House Republicans have been trying for years to elimitnate funding for the corporation for public broadcasting which in turn funds PBS and NPR. These are the least biased of any nationwide broadcasters and provide an important service to our children in the form of educational programming like Sesame Street. There are also may areas where we could raise much more money to help balance the budget.
I regularly listen to NPR and find the format of their shows to be much more academic and even-handed than those elsewhere on the radio. Aside from NPR your choices are pretty much Air America for a liberal slant or just about any other AM radio show for a conservative slant on the news, both claim to be unbiased news shows but are basically comparable to the opinion page in the newspaper. Listening to any of these you will hear a host ranting about their side of the issue, papering the guest they agree with, or attacking a guest they don't. The same goes for television but without the liberal slanted outlet. You have a number of networks all more concerned with ratings than portraying an accurate picture of the news. On top of that many of these networks accept pre-recorded press releases from corporations and even our own government and send them out as though they are real news! (See
1,
2,
3) Public Broadcasting has a long history of integrity and un-biased reporting that no other network can hold a candle to.

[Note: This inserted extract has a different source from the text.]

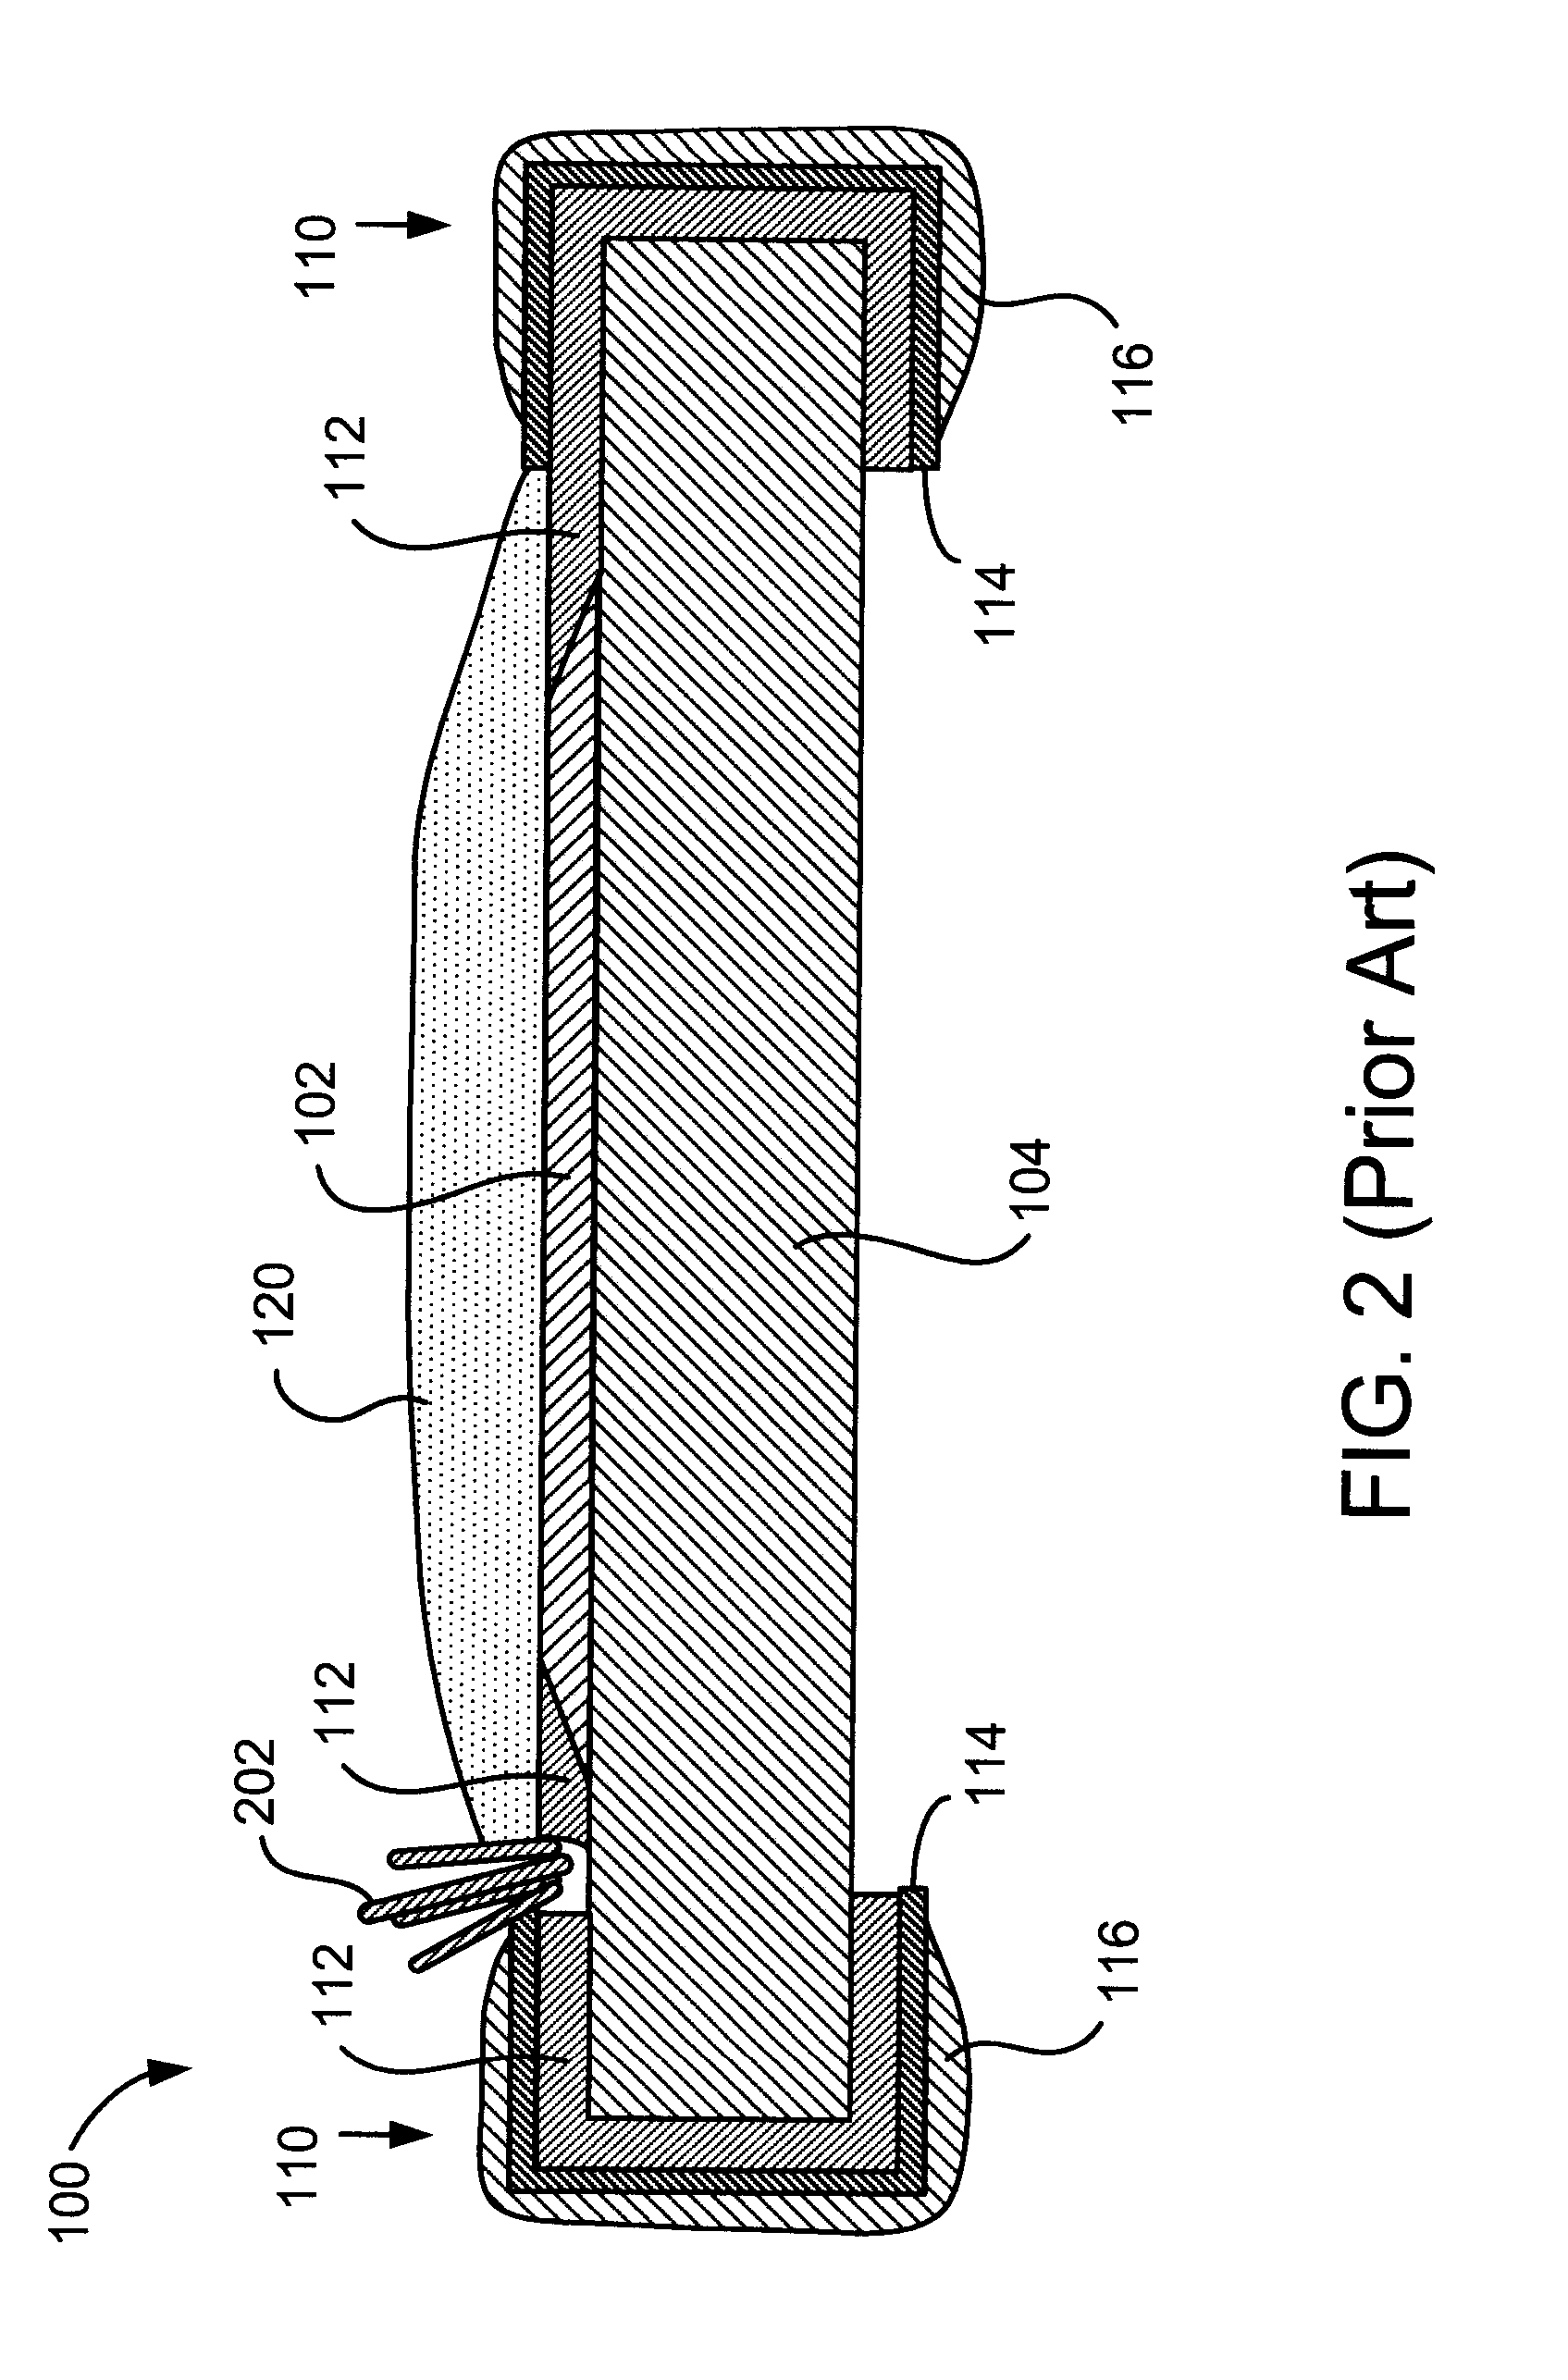 Anti-Corrosion Conformal Coating for Metal Conductors Electrically Connecting an Electronic Component

Then there are the educational progams: Sesame Street and others. These provide a valuable educations resource for children whose parents can't afford to put them in preschool or even afford cable. These parents can all afford PBS because it is free to them. I know that while I didn't learn my ABCs and 123s from Sesame Street it was certainly instrumental in reinforcing these fundamentals. Sesame street is also not the only educational progam on PBS there are educational programs for both children and adults on subjects ranging from math and science to the arts and history.
We should not balance the budget by taking services from the most poor and needy in our society. The 23% cut will leave the CPB with a budget of around $380 million meaning that they actually cut about $114 million. Compared to the $9 Billion that went missing in Iraq in the hands of contractors hand picked by the Bush administration from a pool of their buddies that's nothing. Or how about cutting the $250 Million bridge in Alaska that will server all of about 50 people.
The problem is that the right sees true unbiased reporting and education of the poor as a threat and they feel that with control of the White House and Congress they feel that they can squash one more program that benefits the poor or educates the masses.